Only the lines below between the ones containing "bluezone xworld sound 104" and "Runder couchtisch plate", inclusive, are to be reproduced, each exactly as it stands.

▶ Input data
──────

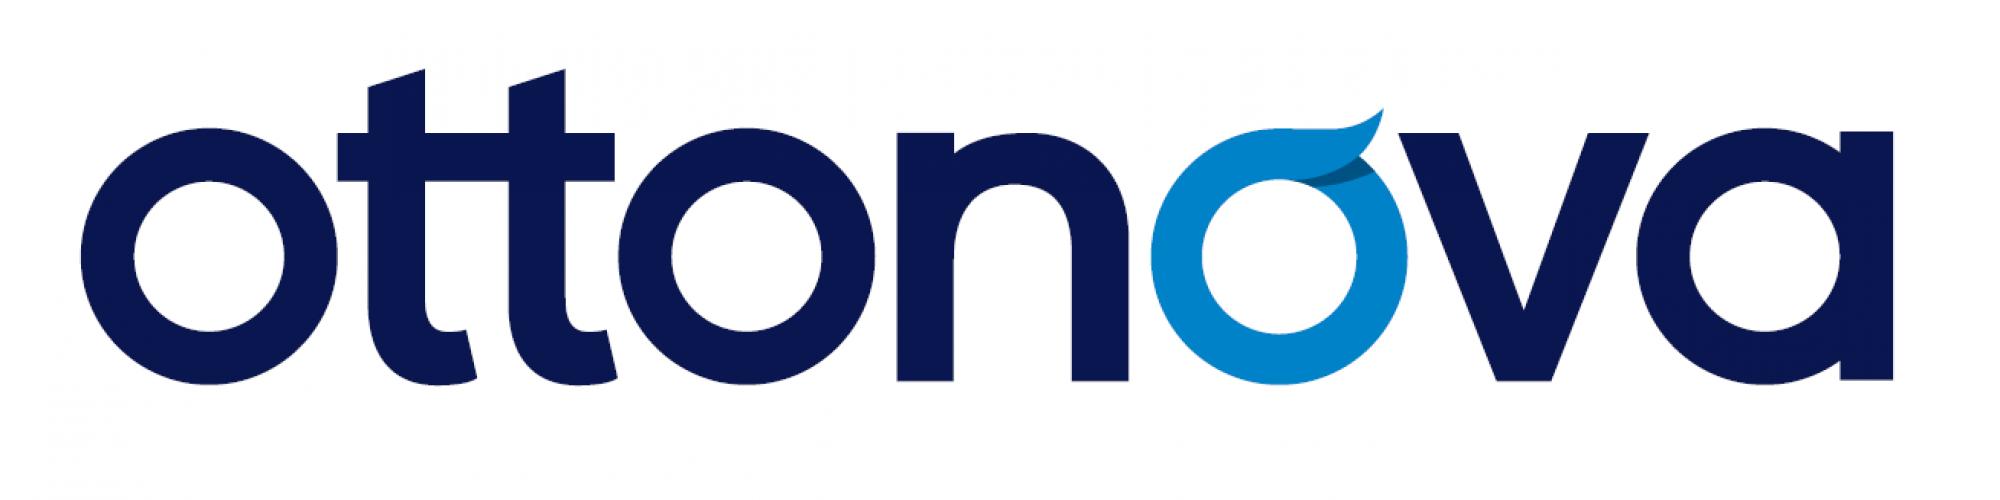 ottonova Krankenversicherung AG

──────

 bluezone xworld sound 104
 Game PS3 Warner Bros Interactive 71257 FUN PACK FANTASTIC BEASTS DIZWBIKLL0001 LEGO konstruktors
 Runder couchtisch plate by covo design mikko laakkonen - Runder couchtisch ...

──────

▶ Result
 bluezone xworld sound 104
 Game PS3 Warner Bros Interactive 71257 FUN PACK FANTASTIC BEASTS DIZWBIKLL0001 LEGO konstruktors
 Runder couchtisch plate by covo design mikko laakkonen - Runder couchtisch ...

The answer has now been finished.